EXERCISE GOAL =>
Copy exactly the lines of the data below, beginning with the line with "Yao and Rabbit" and ending with the line with "Professional moving assistance". Pictures are to be omitted.

ENTRIES PROVIDED =>
*** Block opens ***

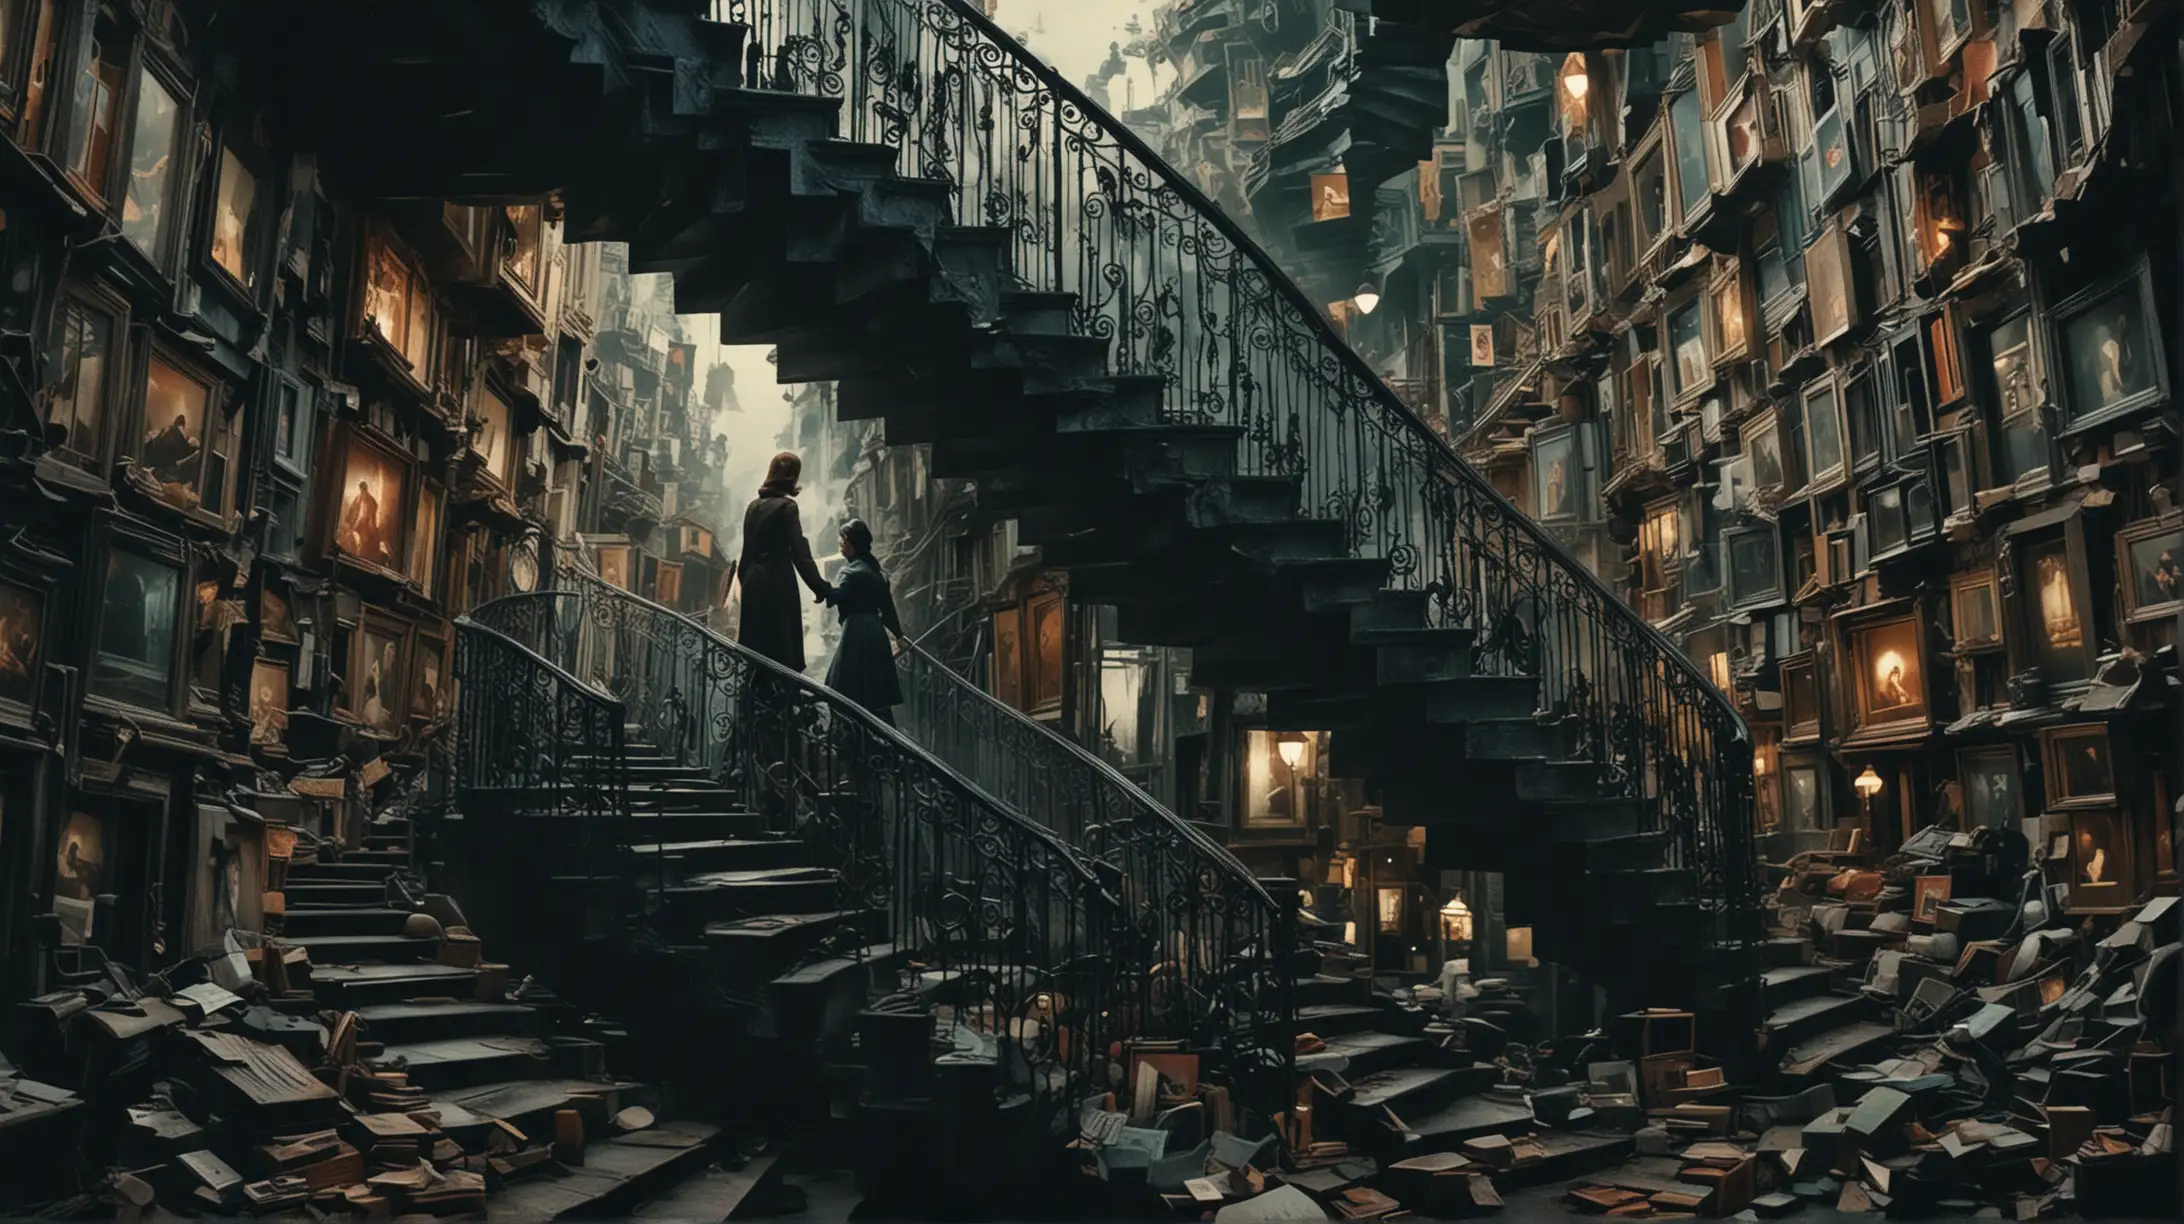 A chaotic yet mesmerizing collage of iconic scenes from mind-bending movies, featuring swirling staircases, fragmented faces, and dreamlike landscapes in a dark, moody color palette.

*** Block closes ***
*** Block opens ***

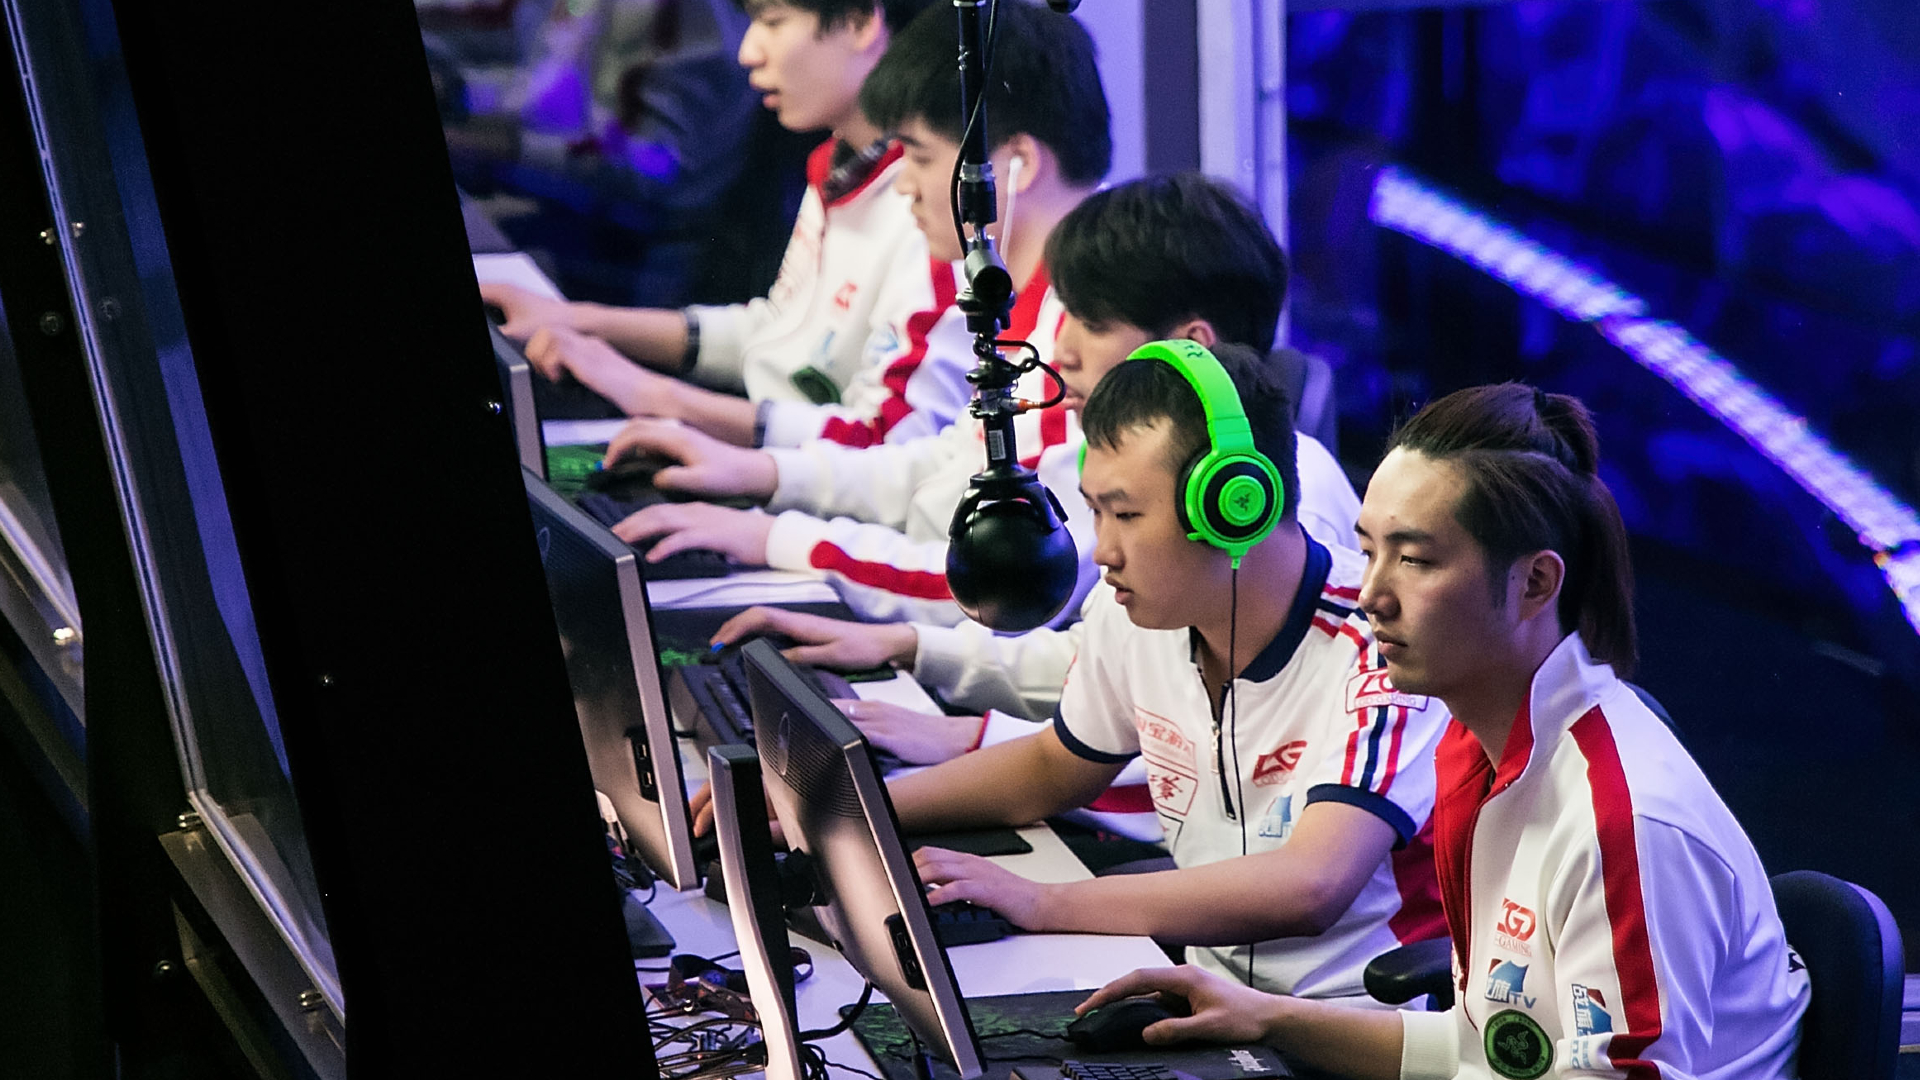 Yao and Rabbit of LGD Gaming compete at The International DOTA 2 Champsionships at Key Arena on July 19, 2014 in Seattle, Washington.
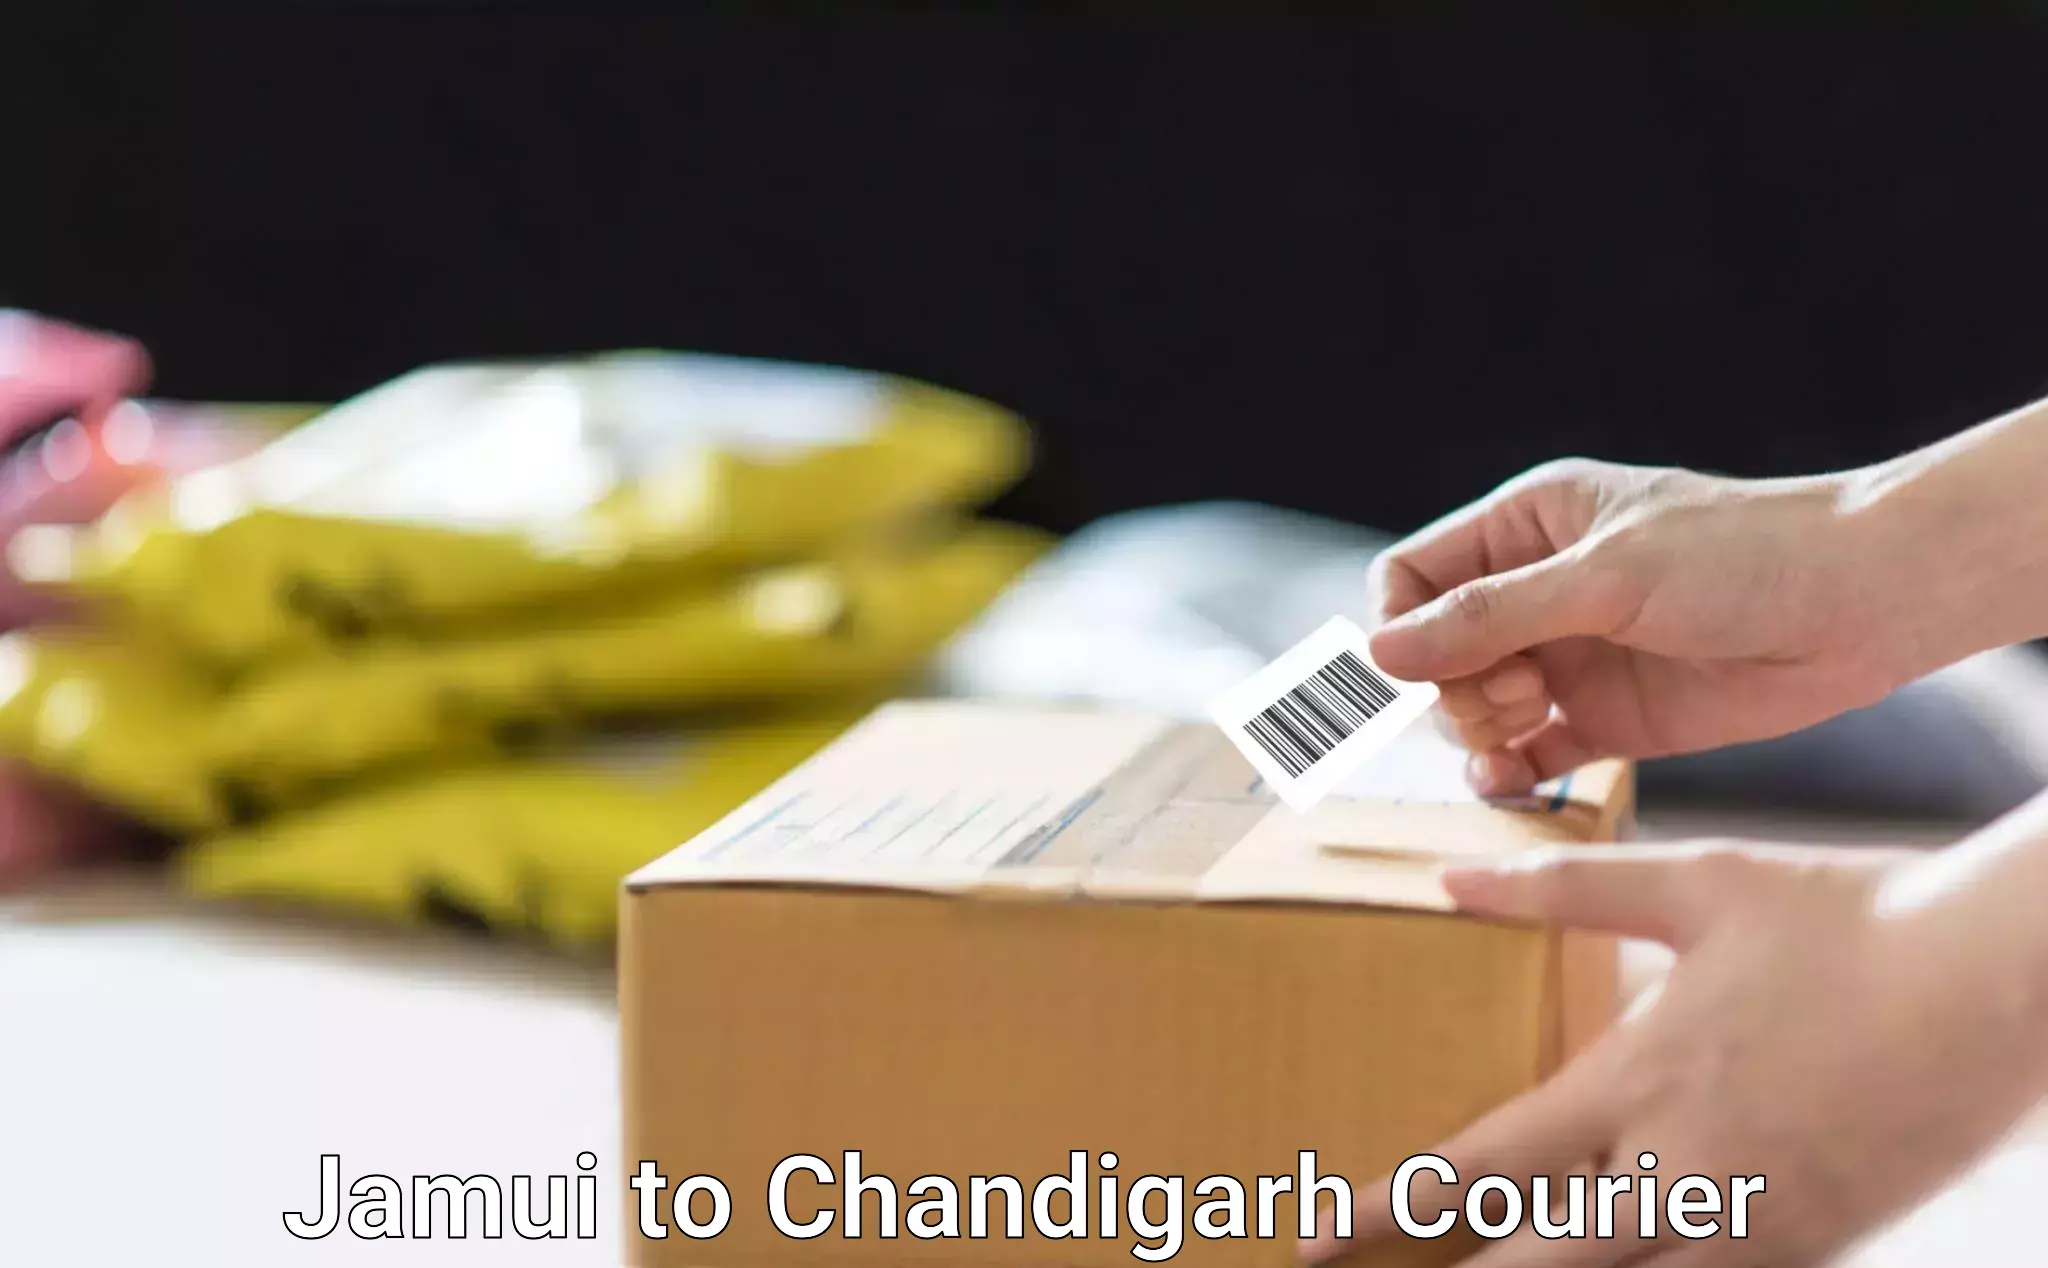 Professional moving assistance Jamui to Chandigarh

*** Block closes ***

SOLUTION =>
 Yao and Rabbit of LGD Gaming compete at The International DOTA 2 Champsionships at Key Arena on July 19, 2014 in Seattle, Washington.
 Professional moving assistance Jamui to Chandigarh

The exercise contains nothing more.